The implications for the use of bibliometric measures is that decisions based purely on ranks should be avoided. Less emphasis should be placed on small differences in rank order because this may be attributable to random variation. This suggests that arbitrary cut-offs or thresholds should be avoided when making decisions, as there will be very little difference in the underlying citation rate for journals either side of the cut-off. Journals whose impact factors and ranks are broadly similar should be treated similarly, no matter which side of an artificial divide they are placed, because these measures are estimated with considerable uncertainty. Instead, the measure should be kept as a continuous scale so that small differences between journals are associated with similar decisions.
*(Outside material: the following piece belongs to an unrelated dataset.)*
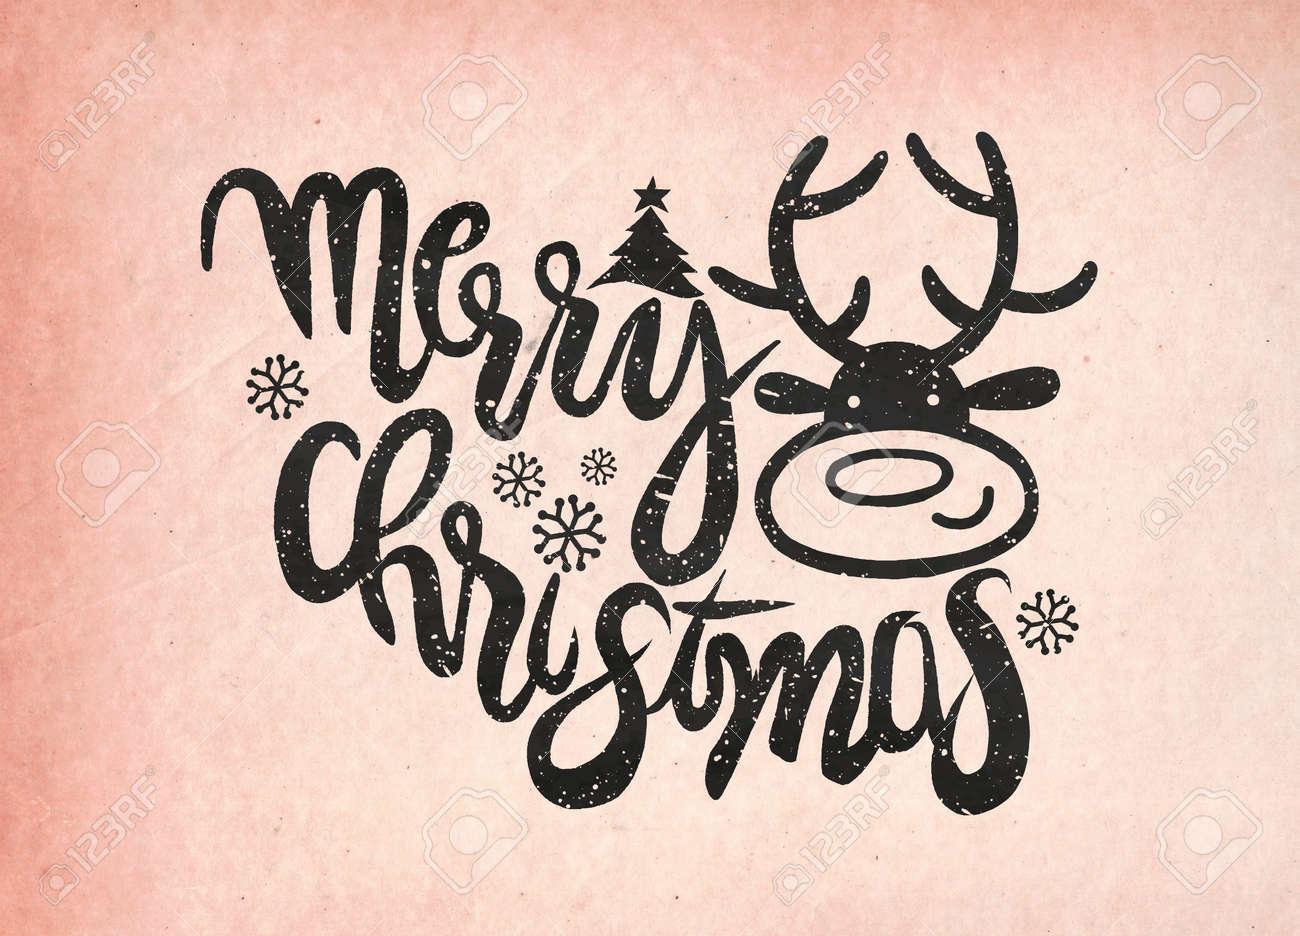 hand drawing cartoon character merry christmas vector christmas royalty free cliparts vectors and stock illustration image 59693691 hand drawing cartoon character merry christmas vector christmas

It might be argued that there is no uncertainty associated with the journal impact factor, because it is based on a census of all publications over a given period, and is therefore free from sampling error. However, the main purpose of quoting the journal impact factor is as a performance indicator, drawing inference about the general impact of the journal. This, then, use the journal impact factor as a measure of the underlying rate at which any particular article in the journal is cited. This rate is unknown and must be estimated subject to sampling error. It therefore requires a measure of the uncertainty associated with the estimate.
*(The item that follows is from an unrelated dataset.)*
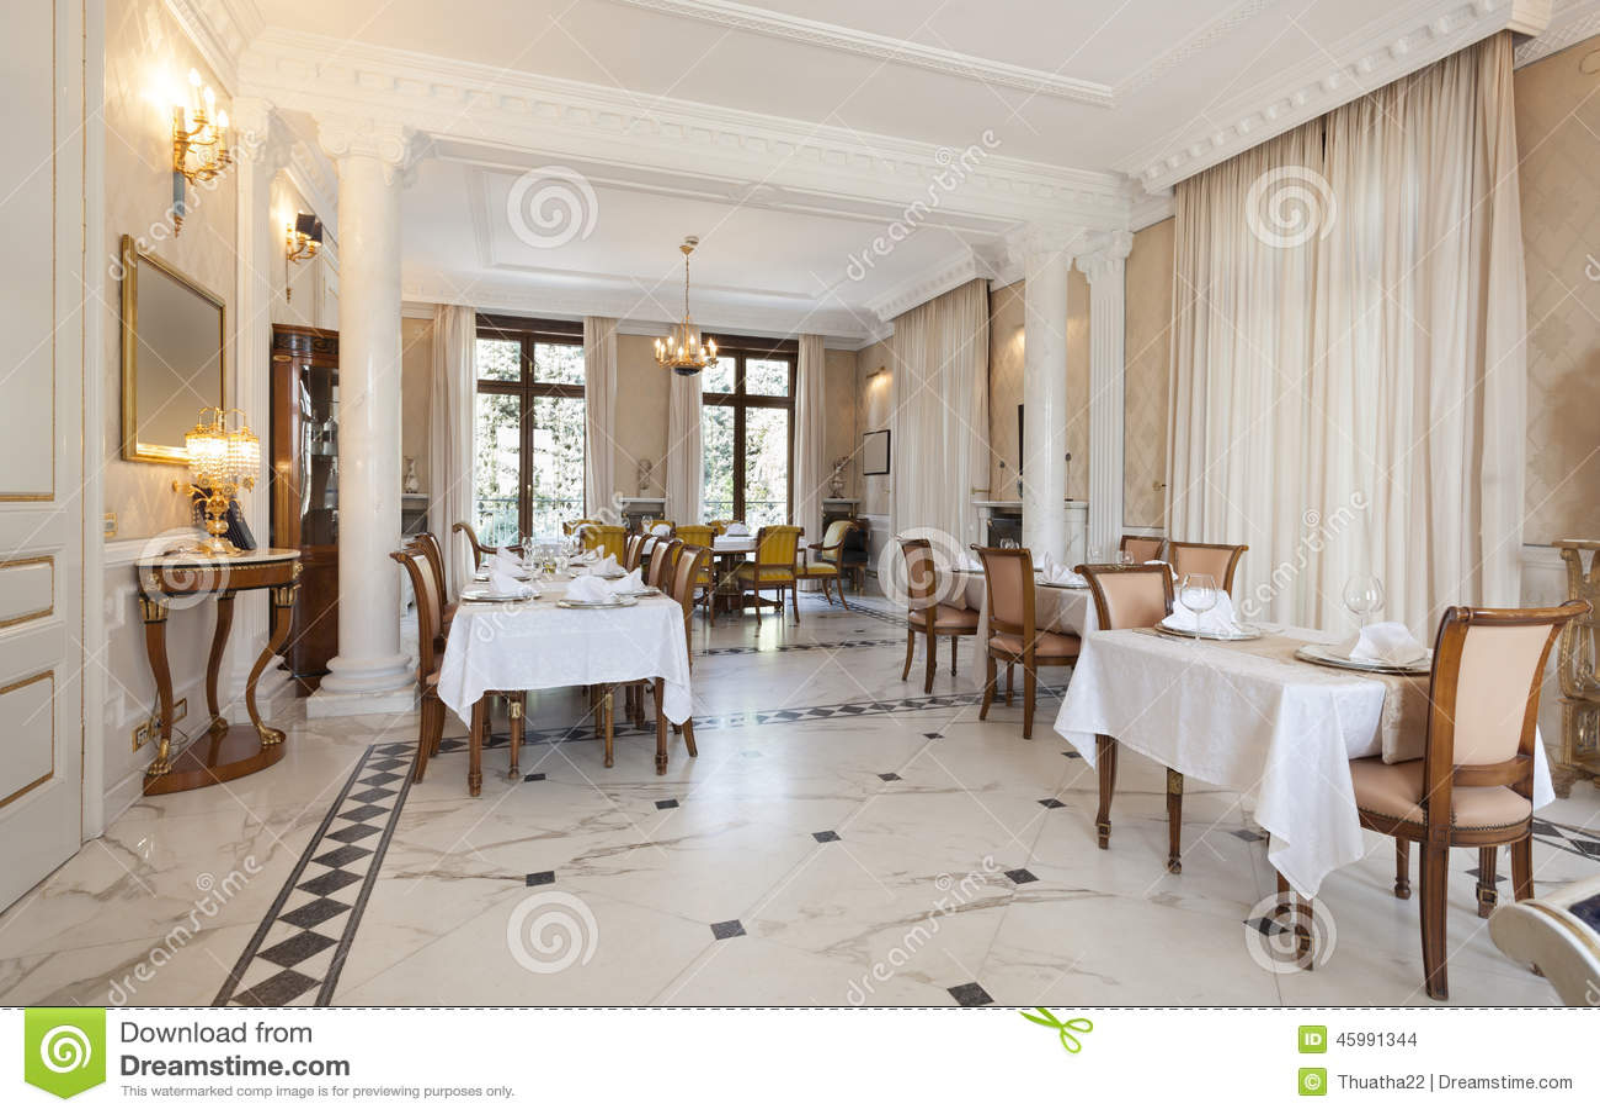 interieur villa de luxe decoration interieur villa luxe casa cook hotel with ethnic chic decor. Black Bedroom Furniture Sets. Home Design Ideas

Many medical journals are signatories to the uniform requirements for manuscripts submitted to biomedical journals [21]. These state that measures of uncertainty, such as confidence intervals, should be presented alongside estimates. This is echoed by most modern textbooks on research methods in medicine. Given that important funding and employment decisions are often based on the estimated impact factors of journals in which researchers publish their work, and on the journal impact factor ranks, an additional useful tool for the researcher would be to know how much uncertainty existed in the bibliometric measure on which they base their decisions. This article therefore proposes that a plausible range, such as a credible interval, be used alongside the estimated journal impact factor and its rank.
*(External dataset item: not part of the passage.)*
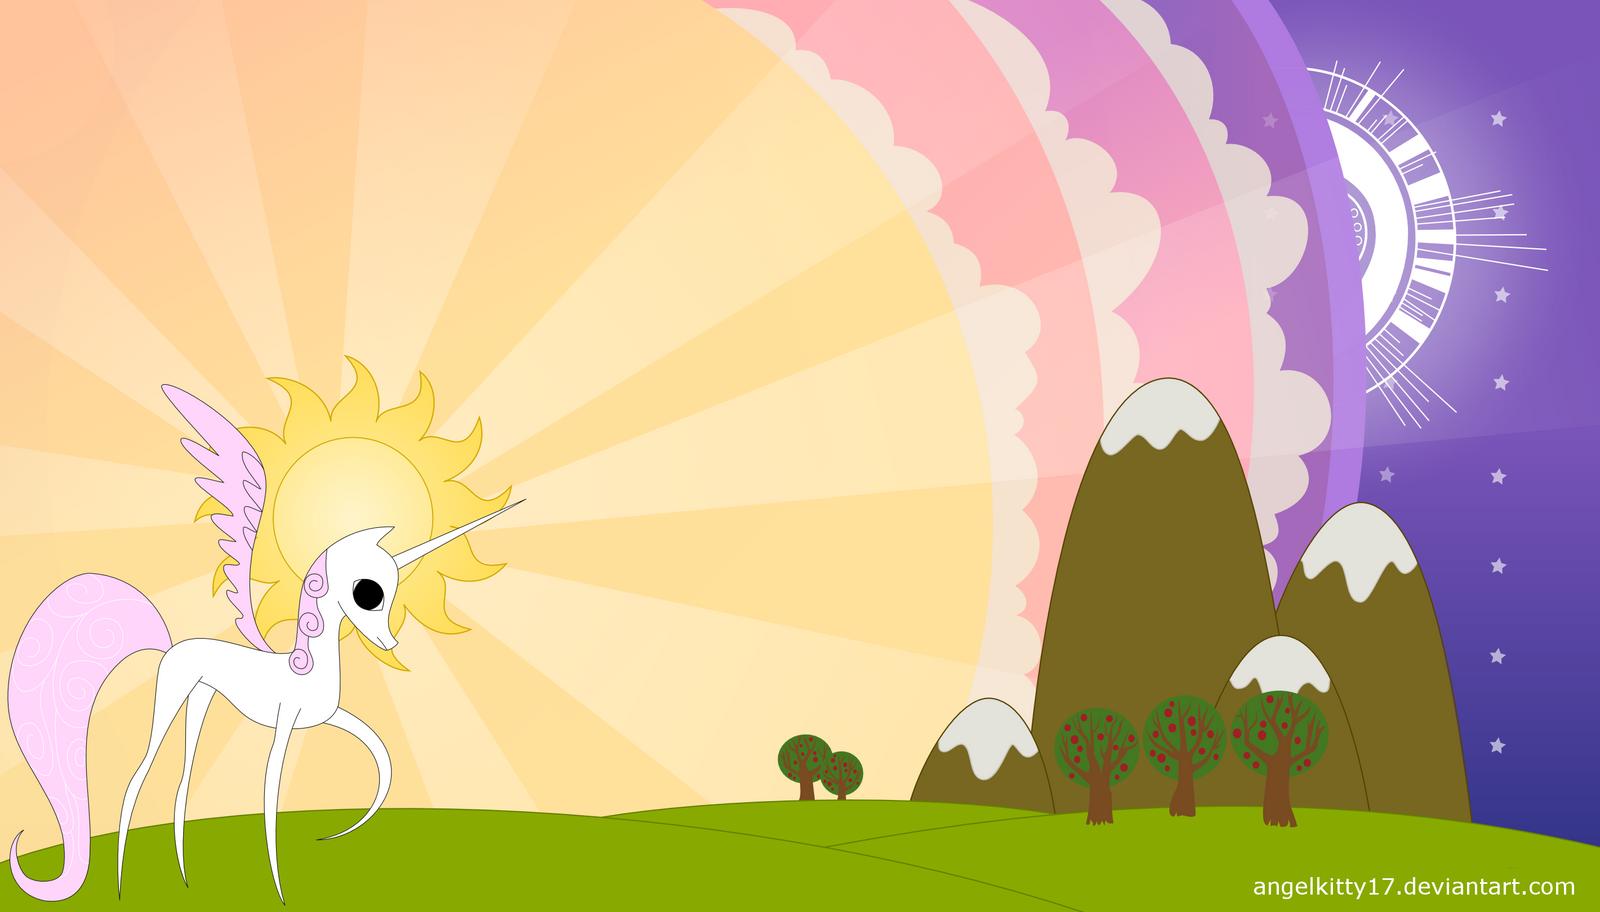 Legendary Solar Goddess by Angelkitty17

This proposal also applies to other journal performance indicators that may be used. For example, the immediacy index is the number of citations received by a journal in the last complete year, divided by the number of articles published by that journal in that year. It therefore gives a measure of how quickly articles from a journal are cited. Like the journal impact factor, it avoids any advantage to larger journals, but it may advantage those that publish more frequently. This measure has more uncertainty associated with it than for the journal impact factor (data not shown) because it is based on a shorter time period. Even if only broad banding of journal immediacy index ranks are used, most journals outside the top ones could not confidently identify whether they were ranked in the top or bottom halves of the table.

Conclusion

There are strong similarities between the use of journal impact factor ranks and the league tables used to present performance indicators for hospitals and schools [2225, 30]. Both suffer from the potential for comparisons based on ranks to be misleading. The strength of the work presented in this paper is to quantify the lack of precision in journal impact factor ranks and highlight the care that must be taken in their use.

The implication for journals, researchers and advertisers is that only limited confidence should be placed on the ranking of these indicators. Decisions placed on such measures are potentially misleading where the uncertainty associated with the measure is ignored. Journals should follow their own guidelines for presenting data [21] by including a measure of uncertainty when quoting performance indicators such as the journal impact factor or immediacy index.